• _To do_
Please repeat the whole listing exactly, but leave out any picture it holds.

• _Information shown_
++++++

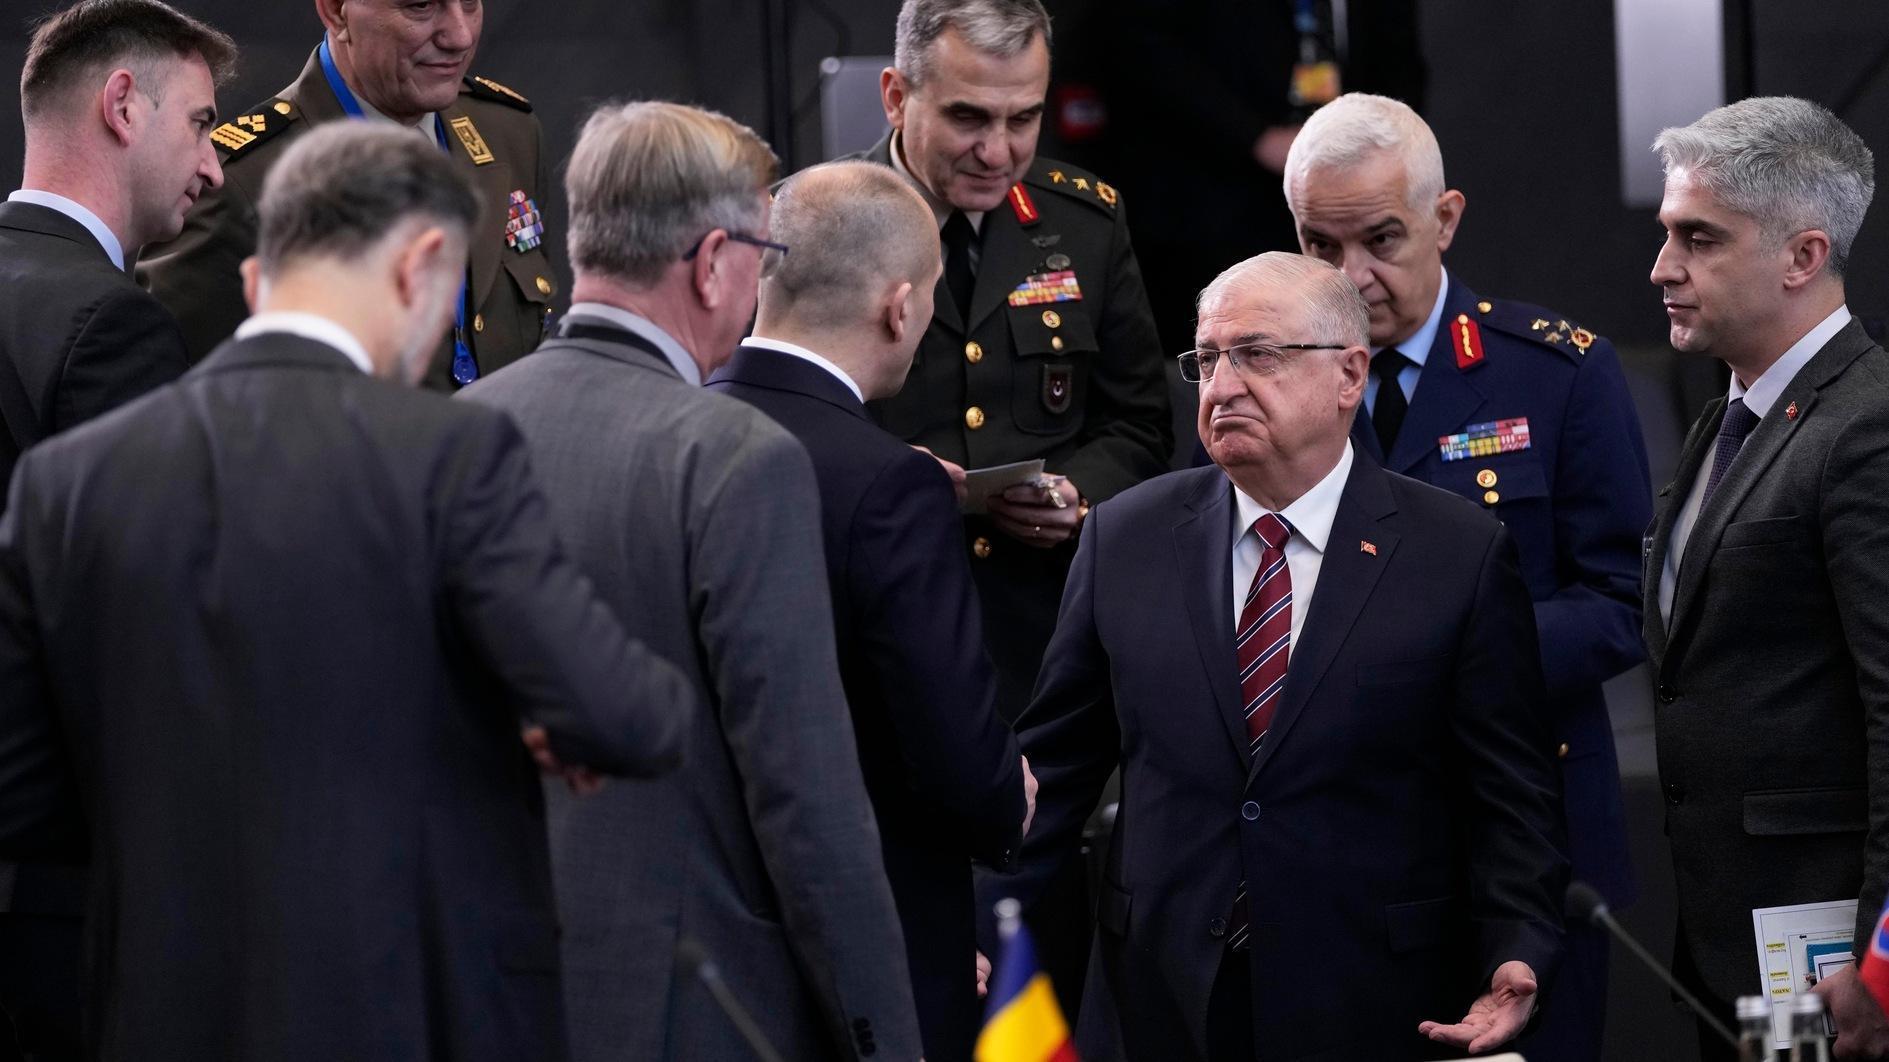 Türkiye sluit zich aan bij het door Duitsland geleide defensieschildproject
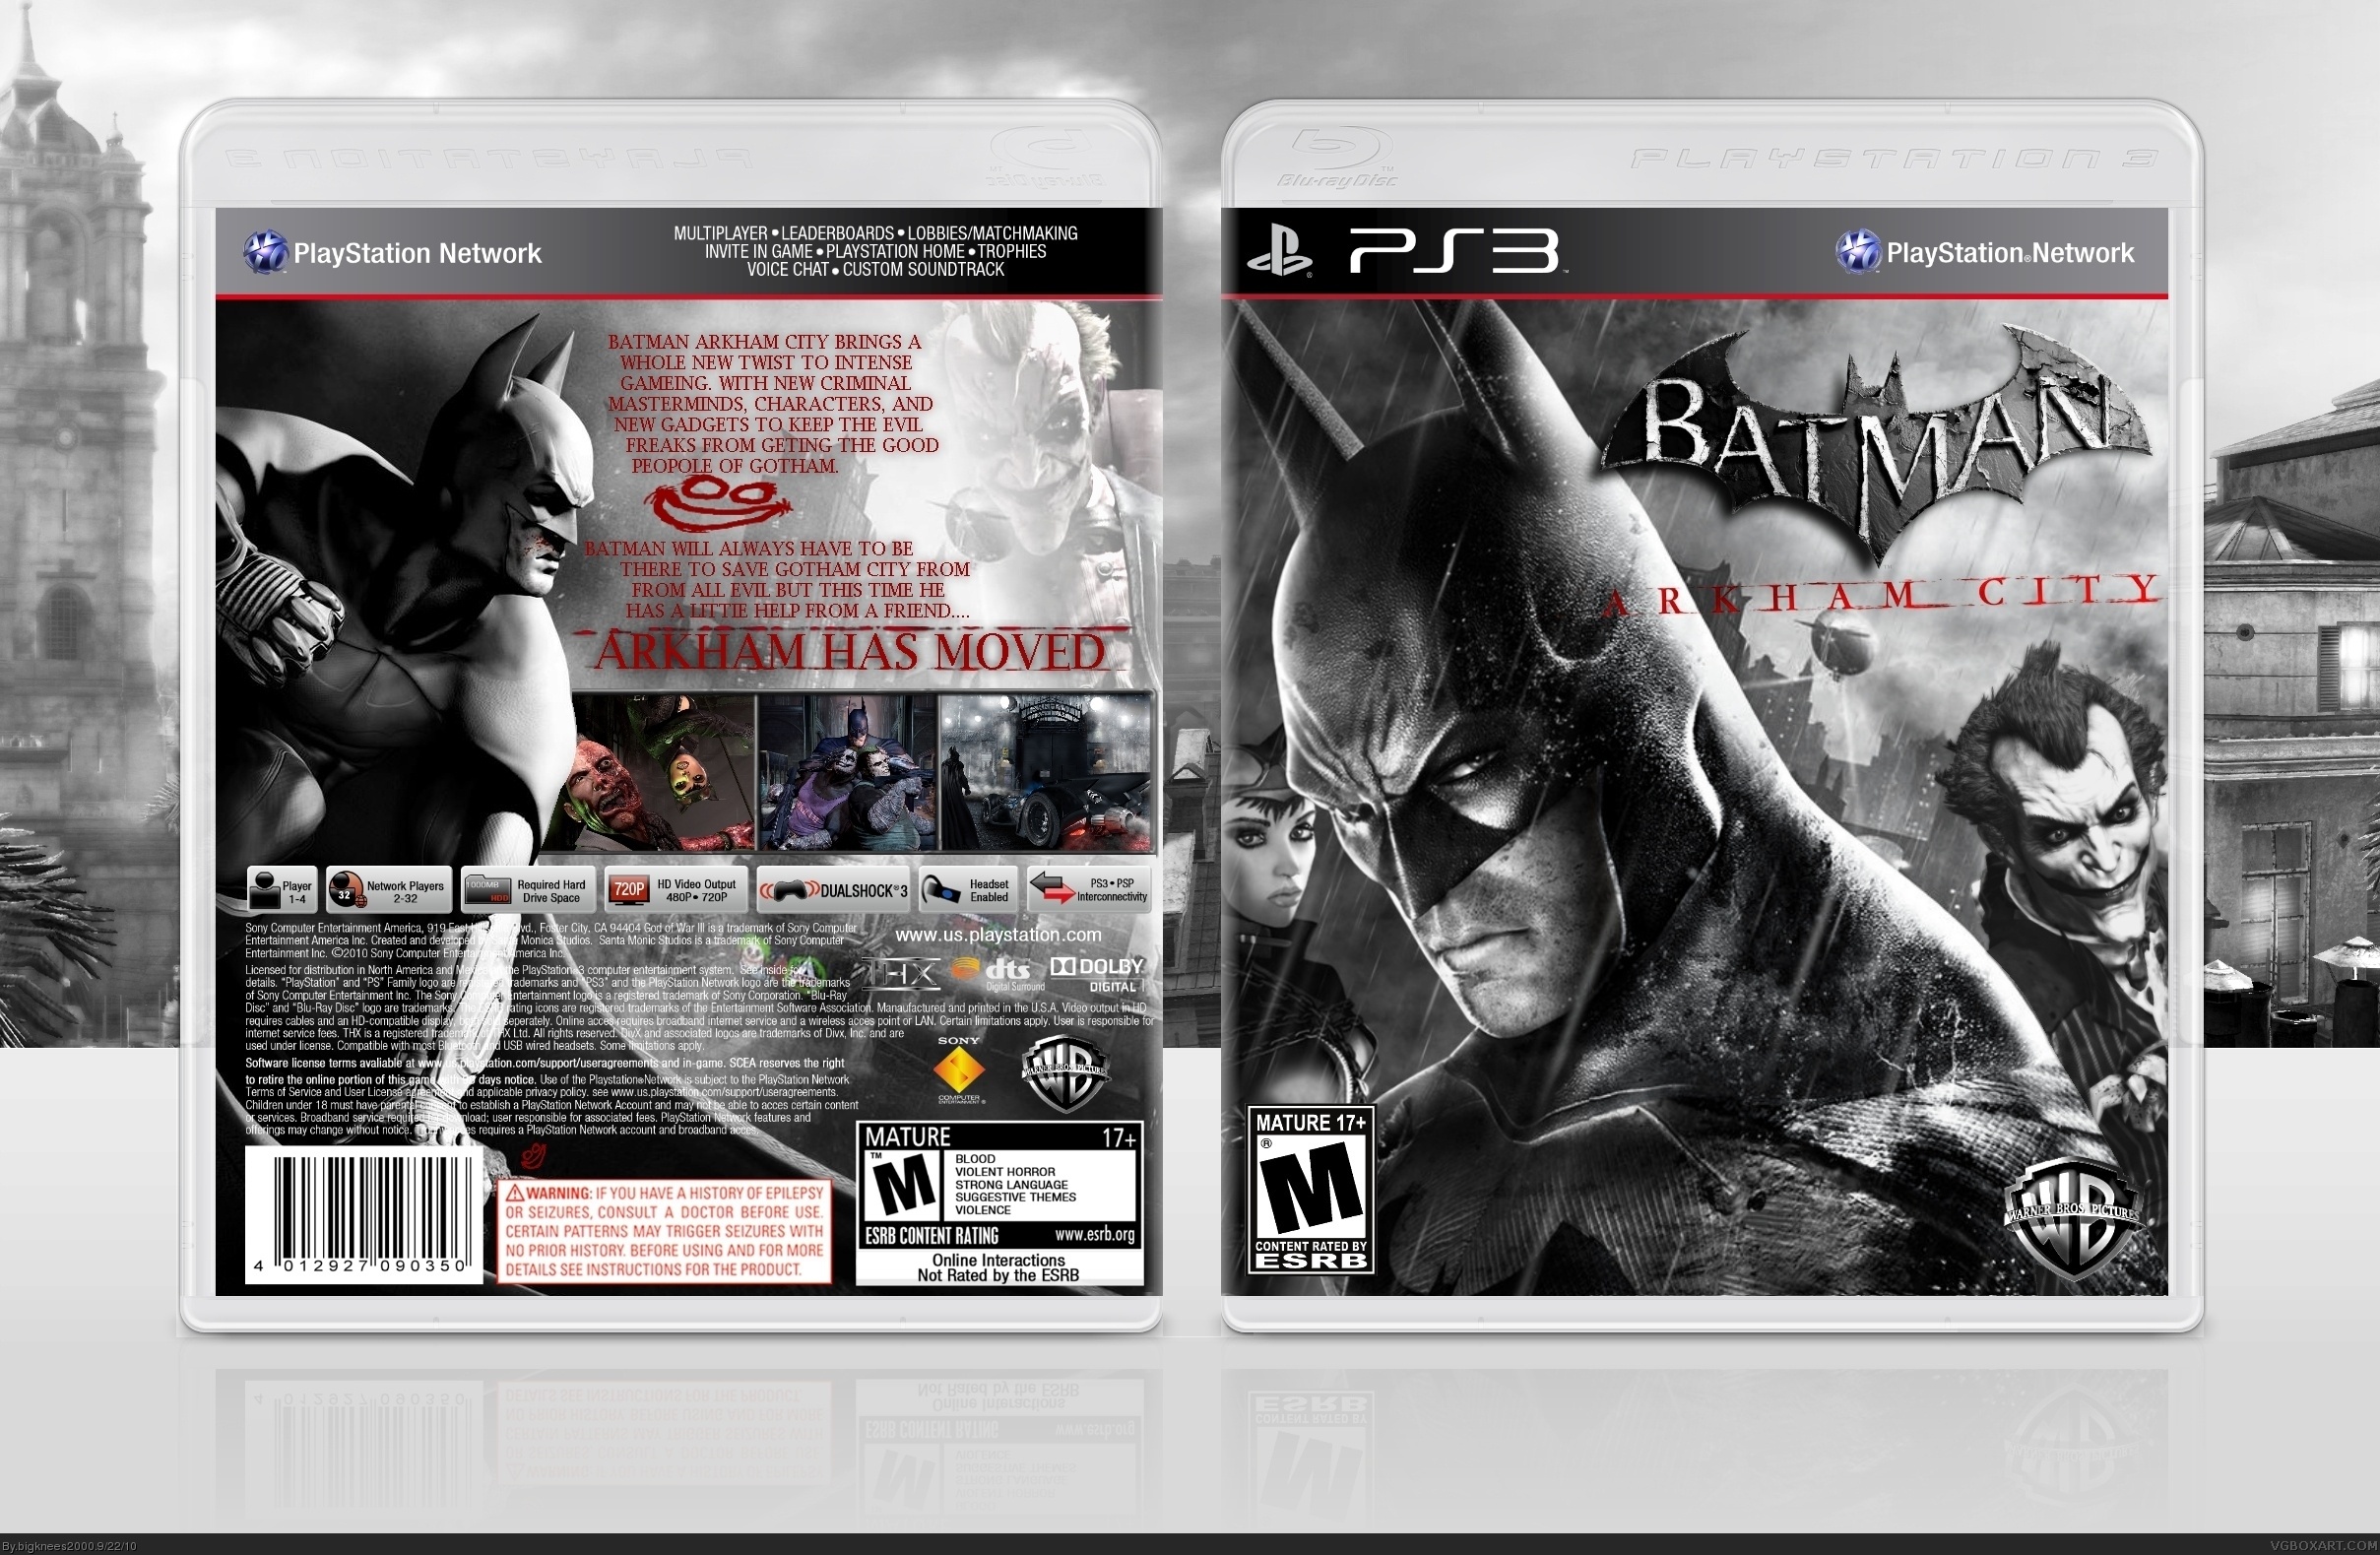 Batman:Arkham City PS3 box cover
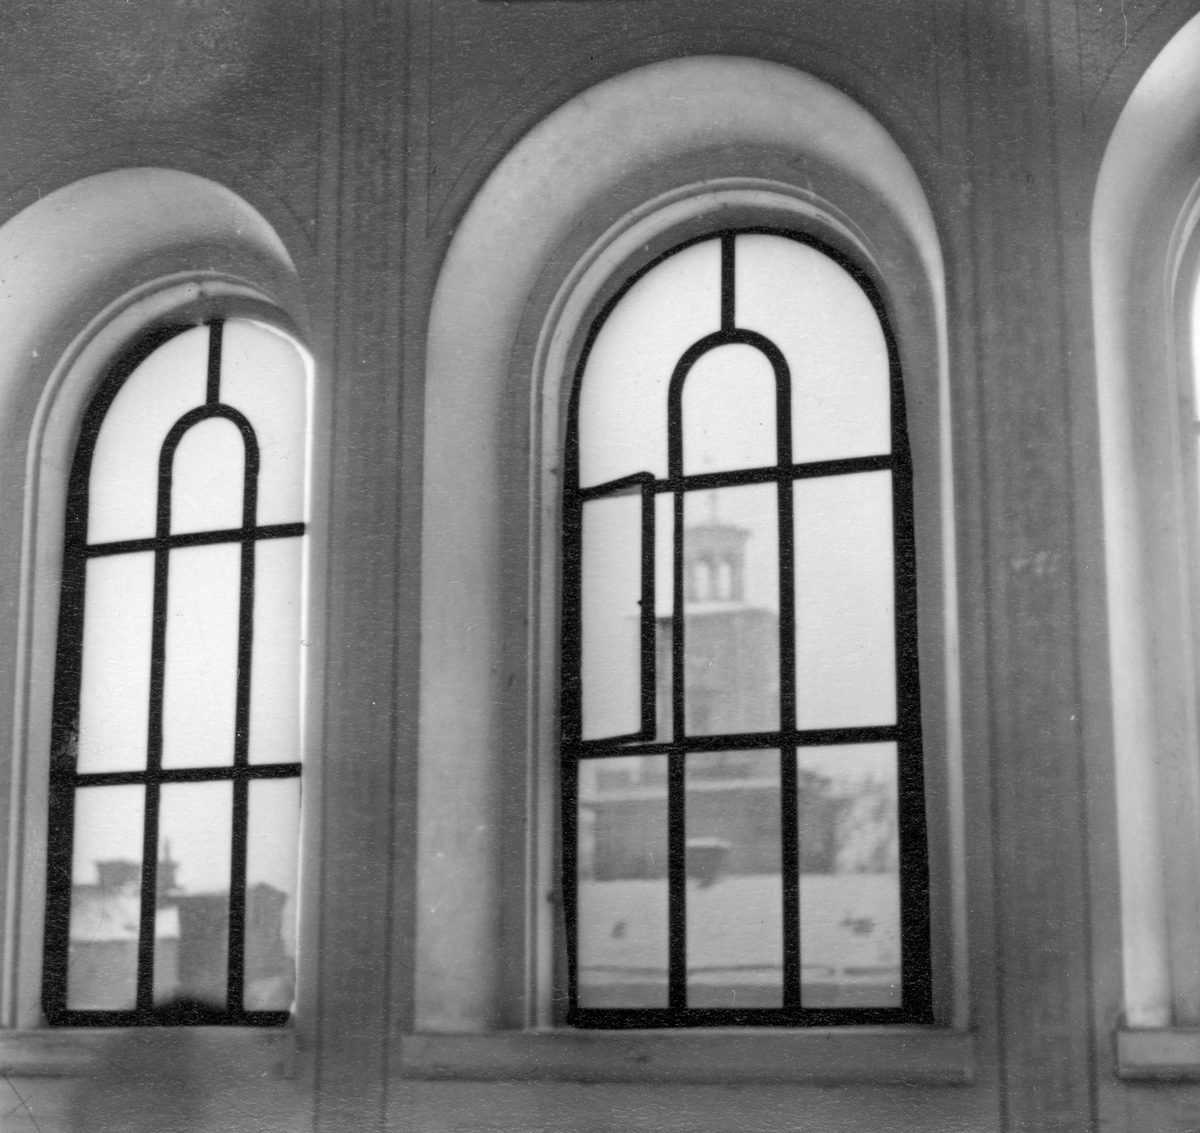 Perspektiv i nordvästlig riktning med vy mot Olaikyrkans klocktorn. Fotografiet taget från översta trapphusfönstret i kvarteret Korpen 19 som låg vid korsningen av Drottninggatan och Repslagaregatan i Norrköping 1953.

++++++

• _Answer section_
 Türkiye sluit zich aan bij het door Duitsland geleide defensieschildproject
 Batman:Arkham City PS3 box cover
 Perspektiv i nordvästlig riktning med vy mot Olaikyrkans klocktorn. Fotografiet taget från översta trapphusfönstret i kvarteret Korpen 19 som låg vid korsningen av Drottninggatan och Repslagaregatan i Norrköping 1953.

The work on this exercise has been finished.